Tantangannya, lanjut Acandra, bagaimana membuat harga listrik panas bumi lebih kompetitif dibanding sumber energi lain sehingga hal itu menjadi satu hal yang harus dipikirkan bersama untuk jalan keluarnya.
Data Badan Geologi Departemen Energi dan Sumber Daya Mineral (ESDM) menunjukkan, total potensi panas bumi di Tanah Air mencapai 29 GWe dan menyebar di 265 lokasi. Potensi besar itu membuat 40% sumber daya panas bumi dunia berada di Indonesia. Jika potensi itu diwujudkan, terjadi penghematan bahan bakar minyak (BBM) 1,2 juta barel per hari.
Direktur Operasi PGE Ali Mundakir menyampaikan sampai akhir 2016 kapasitas terpasang yang dimiliki PGE sebesar 537 MW setara listrik. Dari 14 Wilayah Kerja Panas bumi (WKP), terdapat empat area yang sudah berproduksi secara operasi sendiri (own operation), yaitu Area Kamojang (Jawa Barat), Sibayak (Sumatra Utara), Lahendong (Sulawesi Utara), dan Ulubelu (Lampung).
Adapun 5 WKP lain dioperasikan dengan mitra, meliputi WKP Sarulla (Sumatera Utara), Gunung Salak, Darajat, Wayang Windu, ketiganya di Jawa Barat, dan Bedugul di Bali.

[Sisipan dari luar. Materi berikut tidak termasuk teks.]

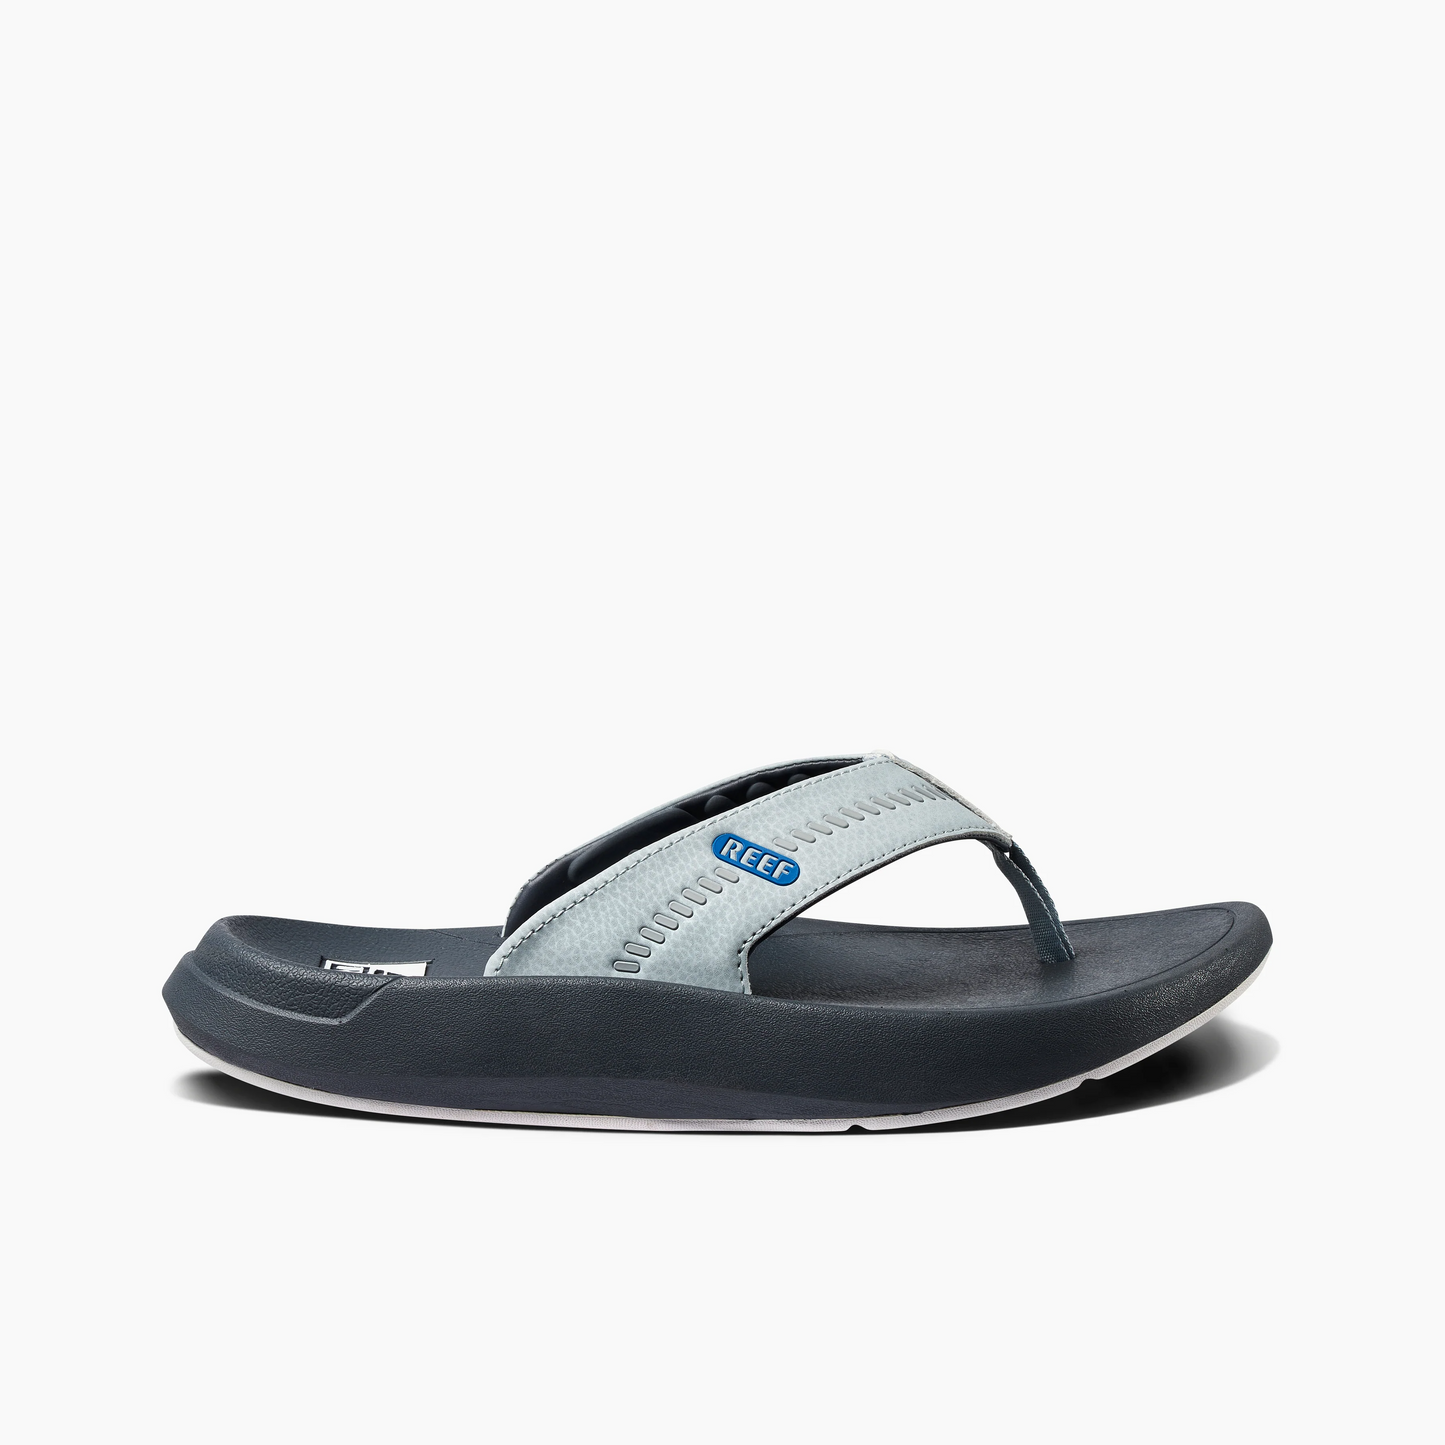 Reef Men's Swellsole Cruiser Sandals

Ali menambahkan Area Kamojang merupakan area panas bumi pertama di Indonesia yang diproduksikan secara komersial yang mana pada 1978 berhasil dibangun PLTP Monoblok dengan kapasitas 250 kWe, yang diresmikan Menteri Pertambangan dan Energi saat itu, Subroto.
Produksi secara komersial di Kamojang dimulai sejak 1983 dengan beroperasi Kamojang Unit-1 (30 MW), disusul Unit-2 dan Unit-3 pada 1987 dengan kapasitas masing-masing 55 MW. "Ketiga PLTP tersebut milik Indonesia Power, anak usaha PLN. Dengan demikian PGE menjual uap kepada IP," jelas Ali.
Adapun PLTP Kamojang Unit-4 yang mulai beroperasi 2008 (60 MW) dan PLTP Unit-5 (35 MW) yang mulai beroperasi 2015, dibangun dengan skema total project. Mulai dari tahapan eksplorasi dan pengembangan lapangan uap hingga pembangunan serta pengoperasian PLTP dilakukan PGE. "Listrik yang dihasilkan dijual ke PLN untuk didistribusikan kepada konsumen," tambah Ali.
Dengan demikian, total kapasitas terpasang Area Kamojang sebesar 235 MW setara listrik, dan masuk ke dalam jaringan listrik tegangan tinggi 150 KV Jawa-Bali-Madura (Jamali). Ali menambahkan Area Kamojang sudah enam kali secara berturut-turut meraih penghargaan Proper Emas dari Kementerian Lingkungan Hidup dan Kehutanan (KLHK) periode 2011-2016.